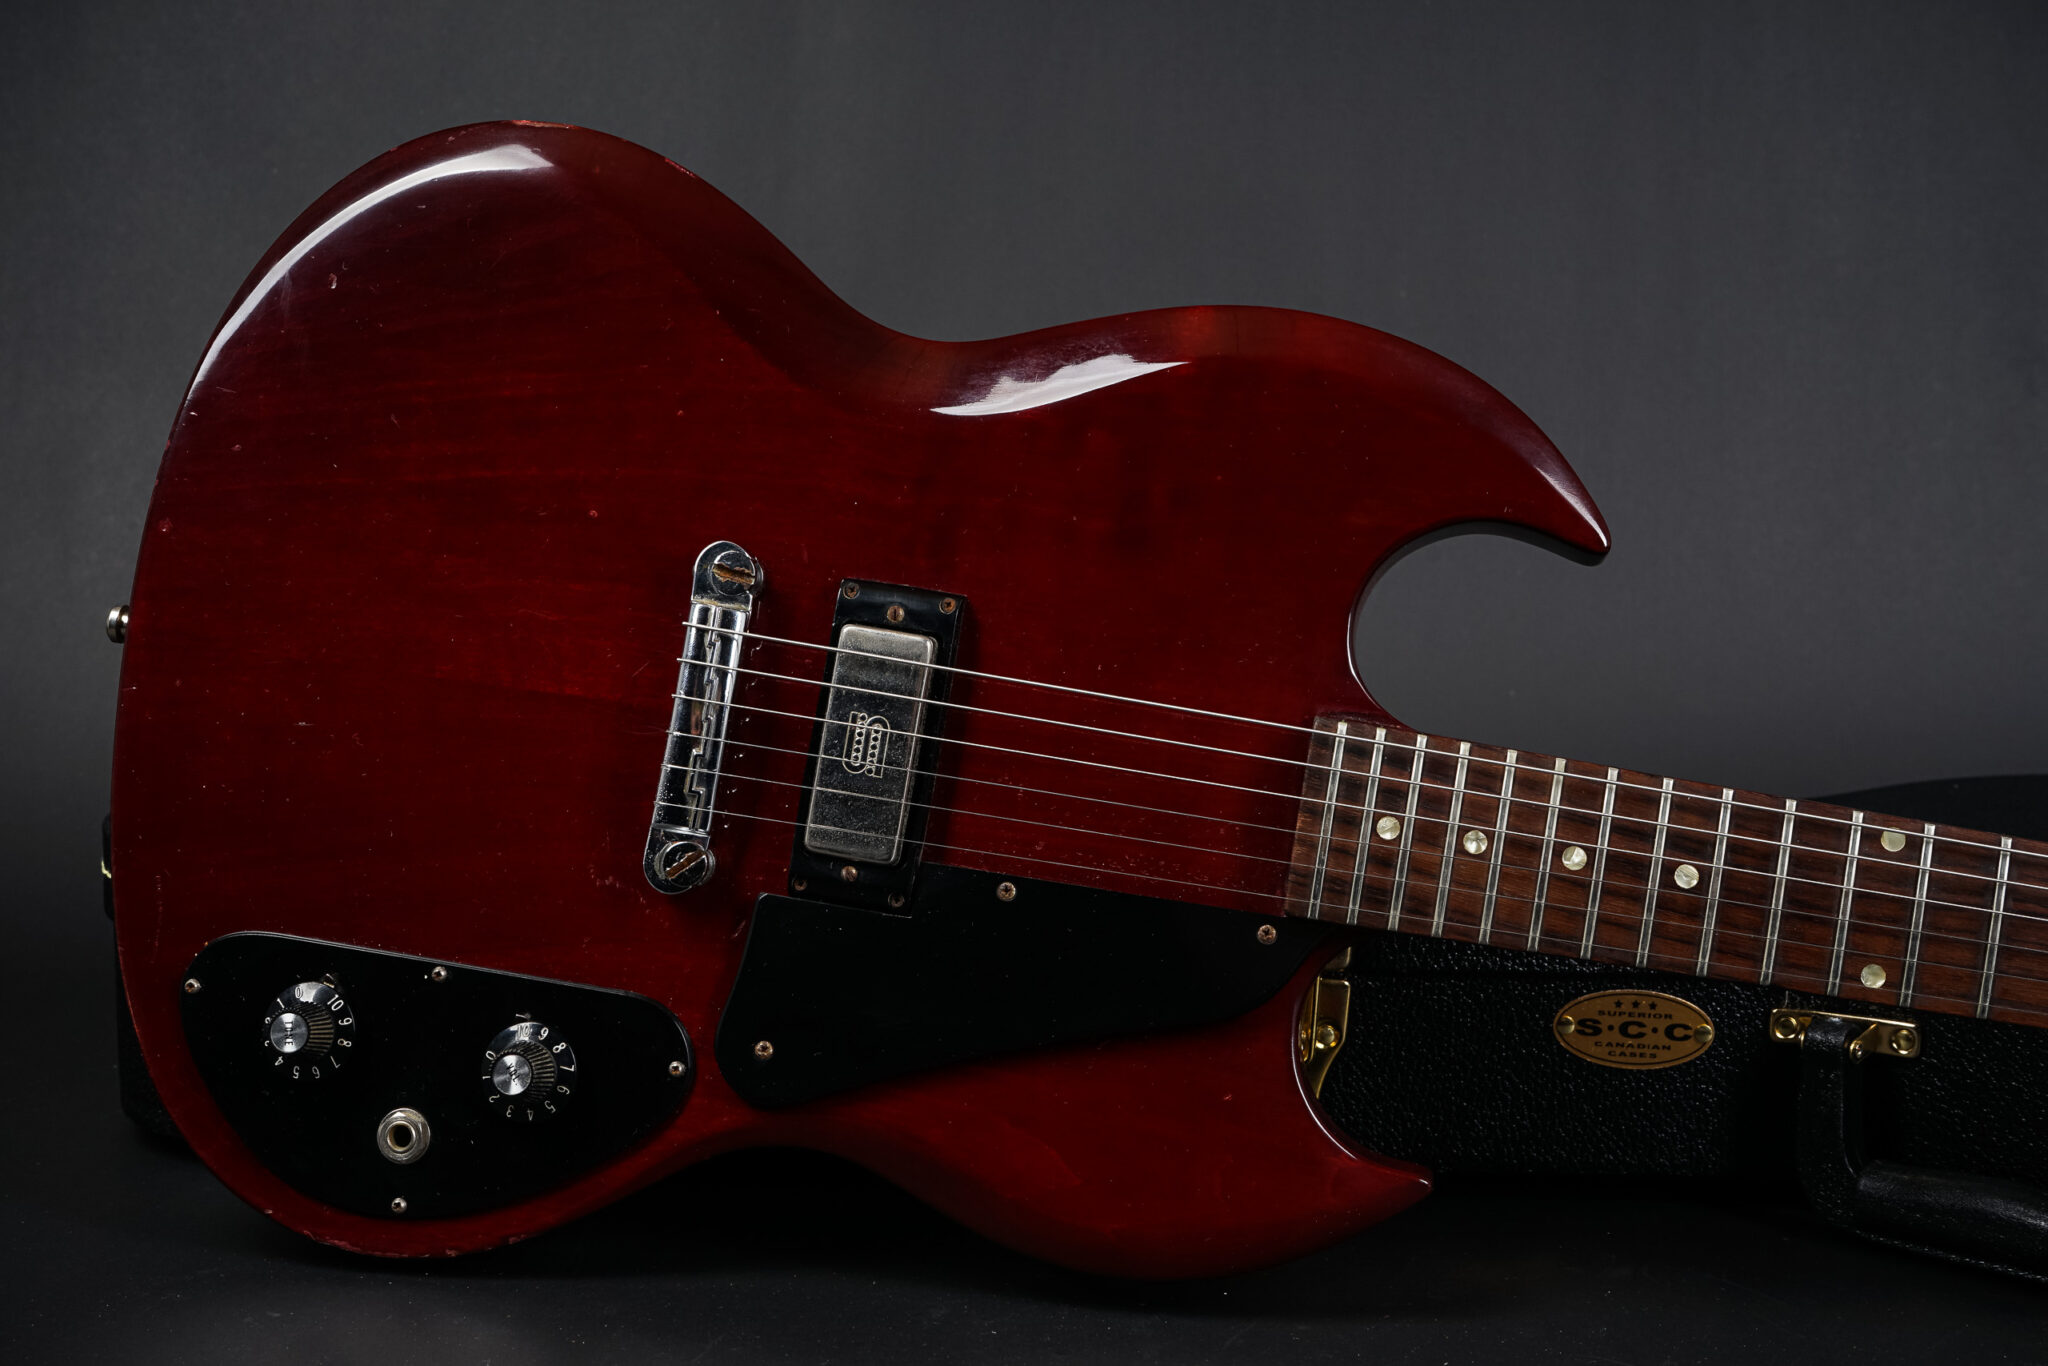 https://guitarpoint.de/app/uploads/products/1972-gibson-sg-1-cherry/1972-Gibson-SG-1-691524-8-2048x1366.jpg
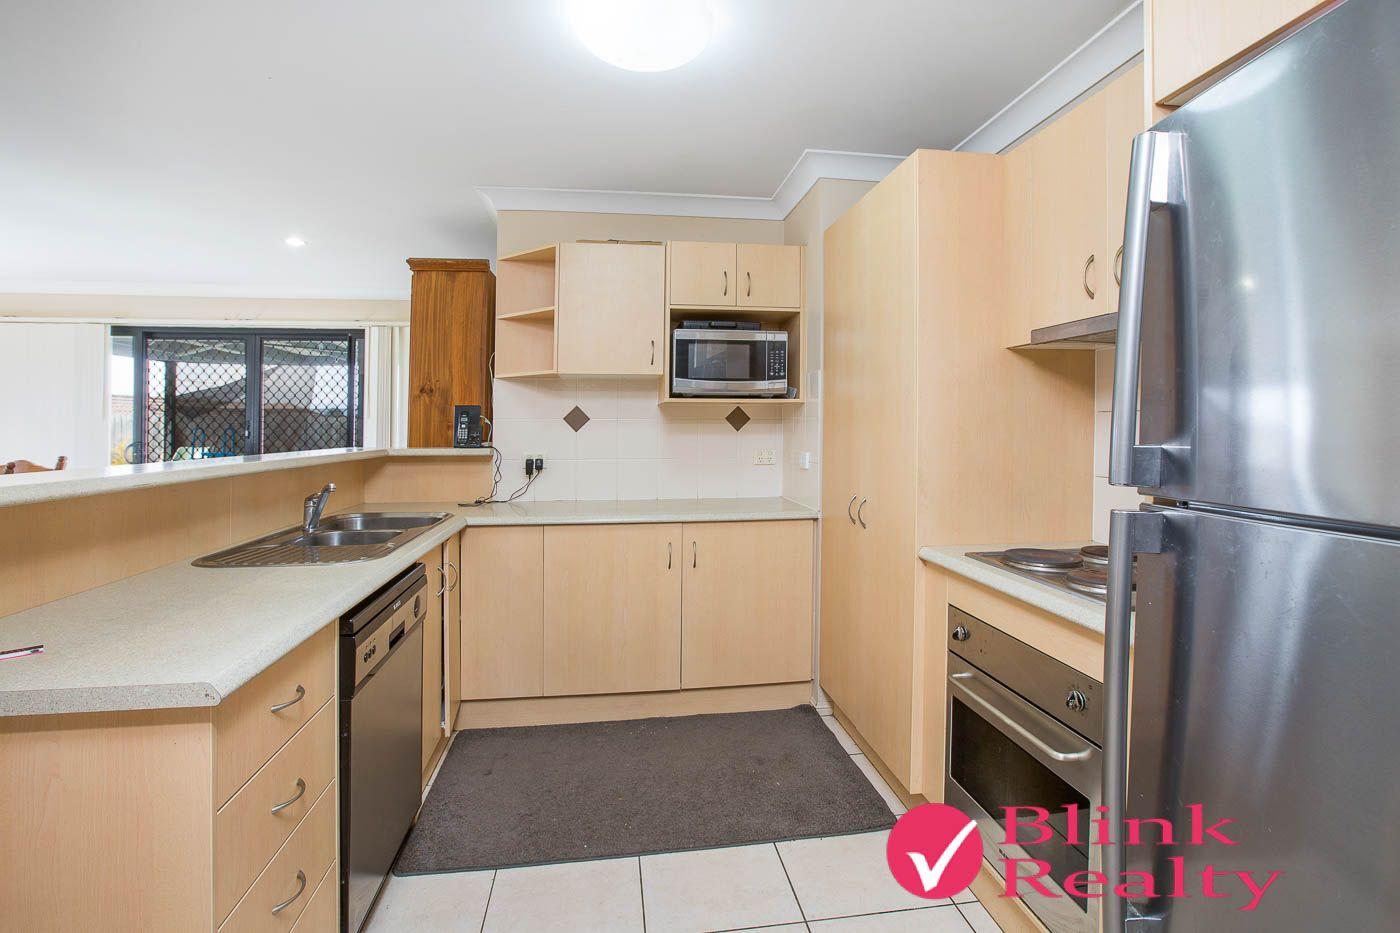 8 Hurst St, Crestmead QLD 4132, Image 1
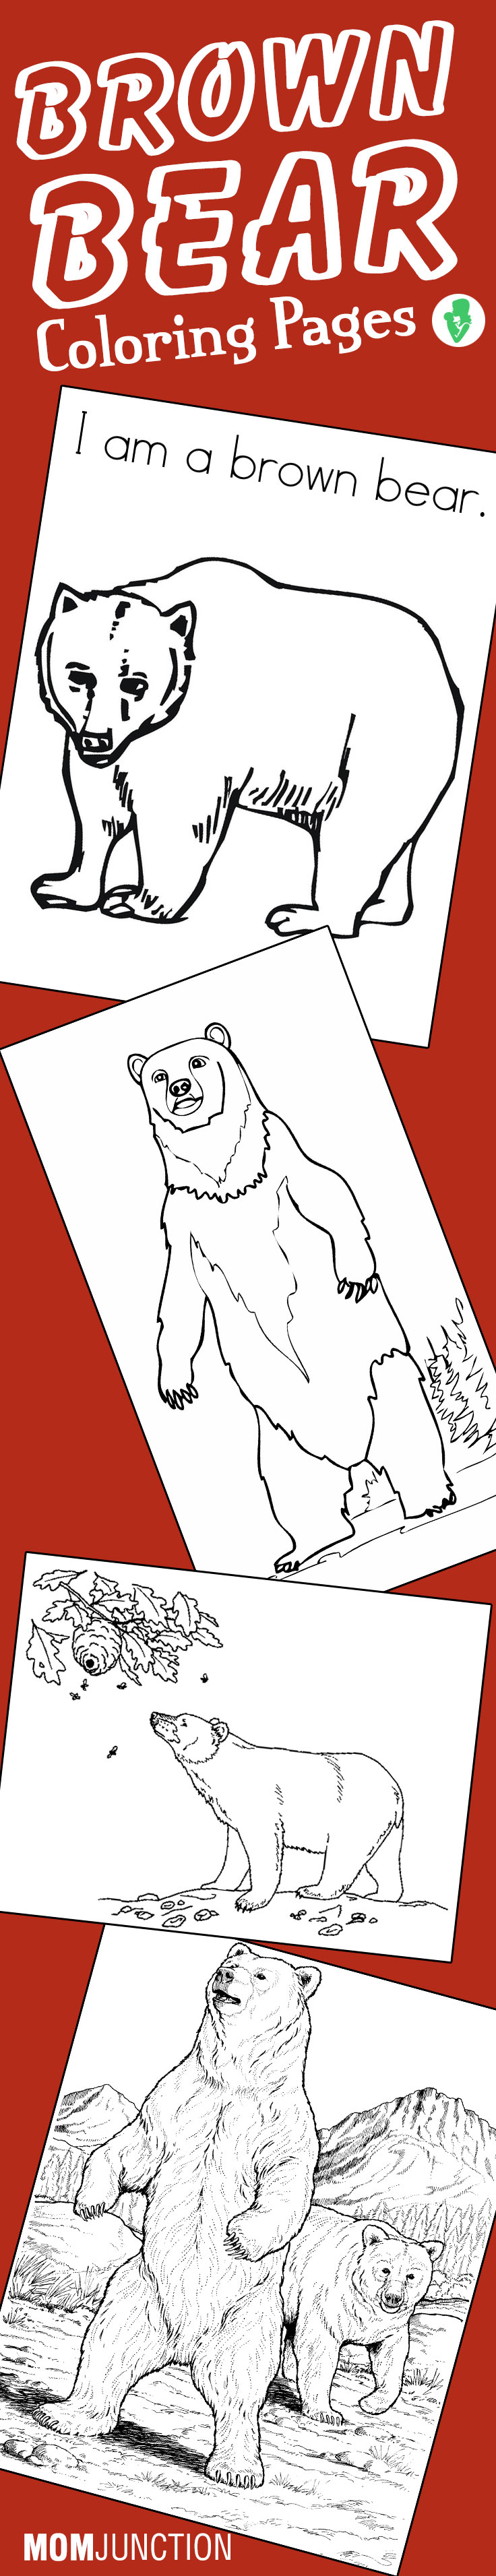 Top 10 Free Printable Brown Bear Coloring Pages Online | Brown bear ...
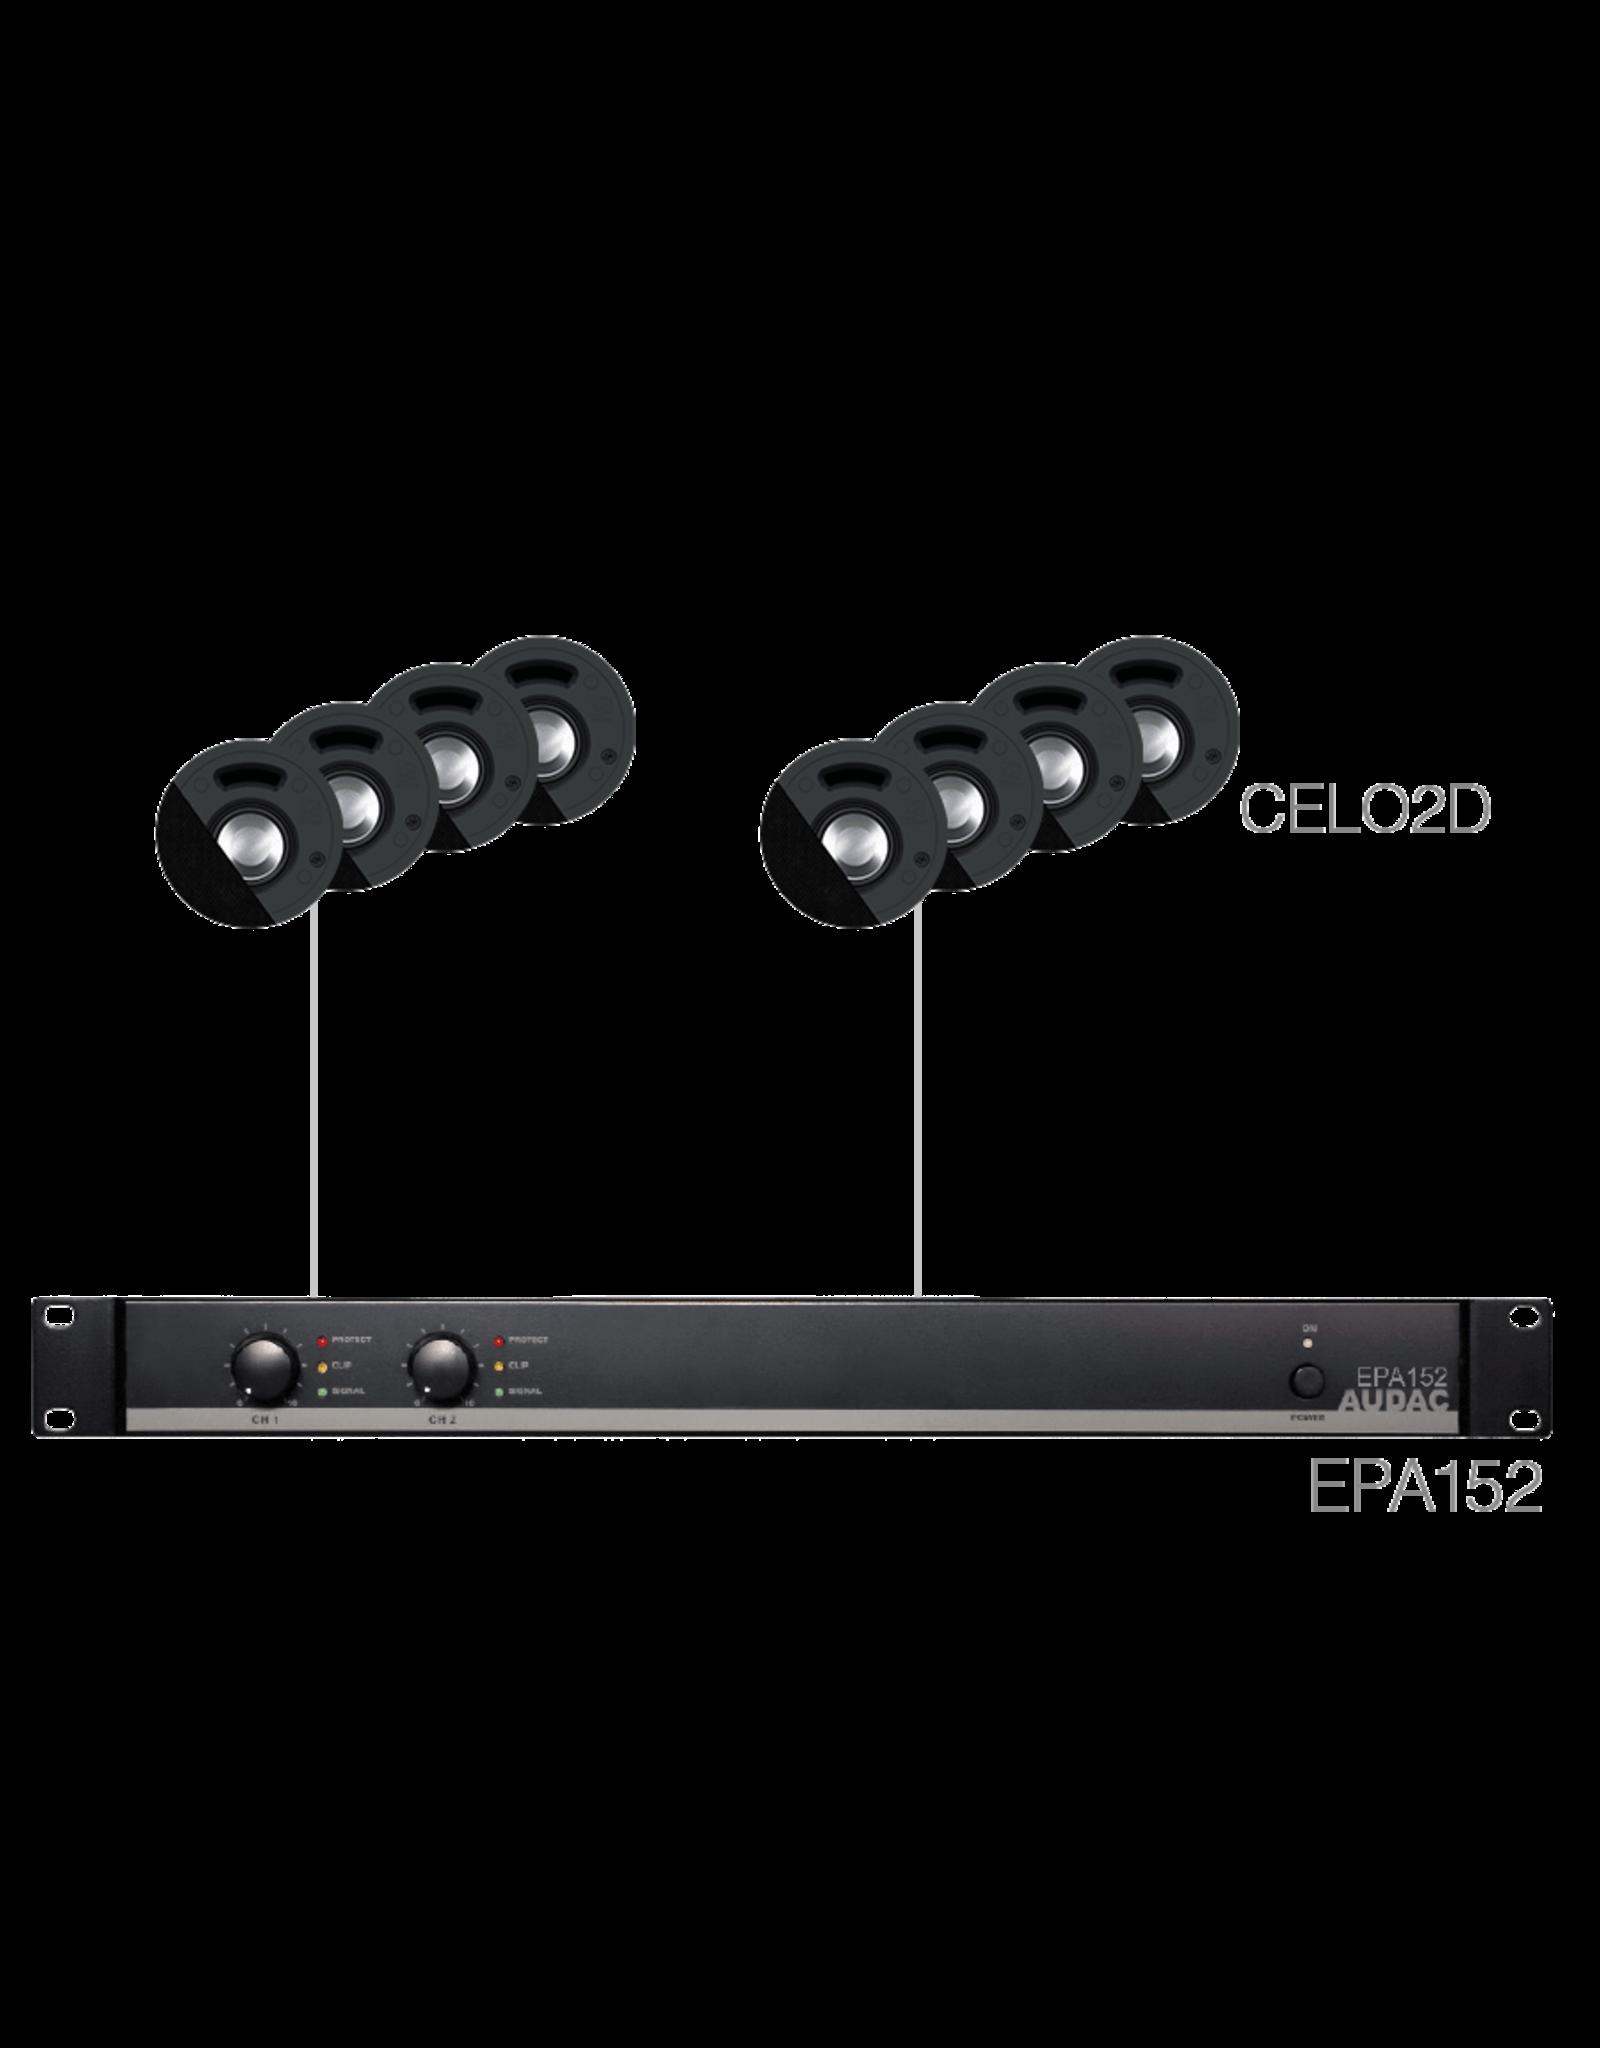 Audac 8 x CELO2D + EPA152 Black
+ + + + +
Your objective:
From the line containing "Top 10 Free" to the final line above, both included, transcribe every line exactly and leave all pictures out.

Result:
 Top 10 Free Printable Brown Bear Coloring Pages Online | Brown bear ...
 Audac 8 x CELO2D + EPA152 Black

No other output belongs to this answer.